I just painted my OM surf blank and Im pondering what finish to use or even if I should use a finish. I used the fusion paint for plastics (turned out looking very good.). I was told by one guy on another forum that I didnt need to use a finish but I wanted to get some more opinions. I was concidering spray polyurathane like mudhole sells (Minwax). I want something that is not going to yellow in the sunlight (or at least last a long time before it yellows).


----------



## Tacpayne (Dec 20, 2008)

You dont have to finish it, if you put the finish mentioned on it, it will yellow badly.


----------



## FishNC13 (Nov 21, 2010)

Tacpayne said:


> You dont have to finish it, if you put the finish mentioned on it, it will yellow badly.


Thats what I thought about the Minwax type stuff. 

What about permagloss? or possibly automotive clearcoat?

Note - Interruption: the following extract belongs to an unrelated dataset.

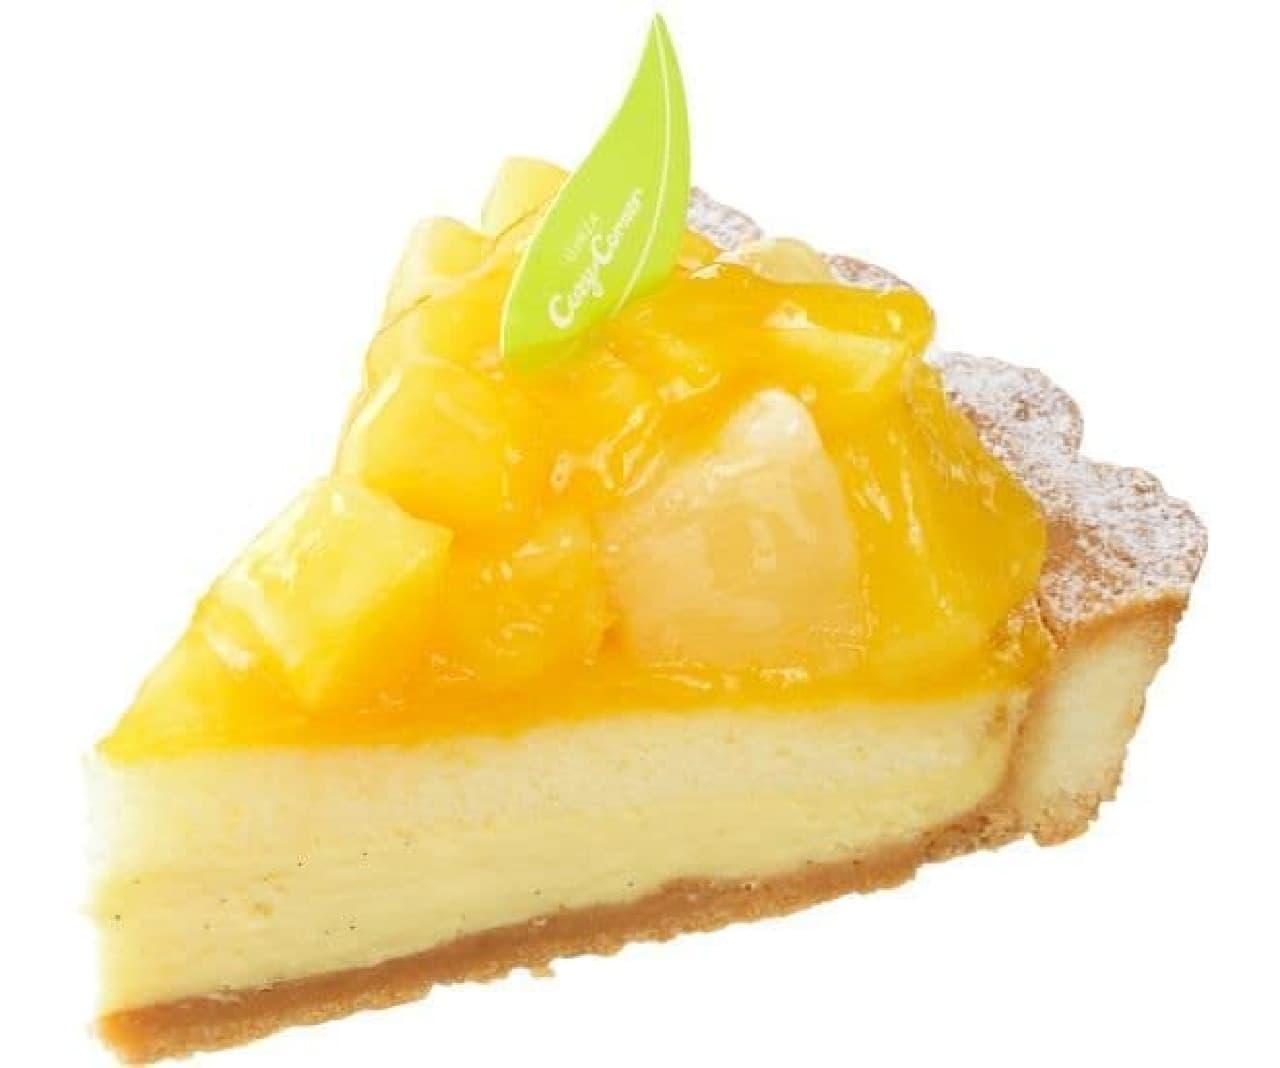 「マンゴーとパイナップルのタルト」は、マンゴーとパイナップルが贅沢にトッピングされたスイーツ

I dont want to have to worry about the paint chipping or getting damaged when I lay the rod down. Iv never used this paint before and dont know how durible it is.


----------



## redfishnc (Sep 12, 2008)

*painting rods*

I have an old white Fenglass 964 that I built in the early '80s and have removed the guides and a little of the finish in places. My rebuild plan includes lighter guides and I wanted to paint but was unsure. If you left it painted couldn't you touch up paint if needed? I was thinking of spraying polyurethene but am open to other ideas.


----------



## Fishinbuddy (Mar 11, 2009)

I painted a rod with Fusion and let it sit in my garage for several months during the summer when it was hot. I attempted to put lumiseal over the paint and it did take some of the paint off. I would think that permagloss would do the same. I am not sure about the minwax poly. I have some but haven't tried it on a rod. 

I would test whatever you try on a old/scrap blank first. Good Luck.


----------



## jlentz (Sep 11, 2005)

I have used Permagloss on painted blanks. It provides a very durable high gloss finish. I normally let the paint dry for week or so before appling the Permagloss. The Permagloss is easily applied with a small foam brush. Two coats of Permagloss is usually enough. If you take your time it will come out perfect looking just like a high gloss factory blank. 

John


----------



## FishNC13 (Nov 21, 2010)

thanks for the responses guys!

I was told that the permagloss would attack the paint by a couple of people. 

JlentZ, what type of paint did you use?


----------



## jlentz (Sep 11, 2005)

I have used Permagloss over Dupli-color chameleon paints and a paint similiar to the Fusion but made by Rustoleum(Specialty Paint for Plastic). I chose this over the Fusion because they not only listed the paint for use on plastic but also on fiberglass. Like I said in my previous post I let the paint dry for what may seem a long time before coating with Permagloss. I would let the paint dry for a minimum of 5-7 days maybe longer depending on the ambient temperature. 

John


----------



## sunburntspike (Oct 4, 2010)

i have had great sucess with flex coat "lite" when refinishing,i let the paint dry over night and apply athin coat the next day,let dry again overnight and start building


----------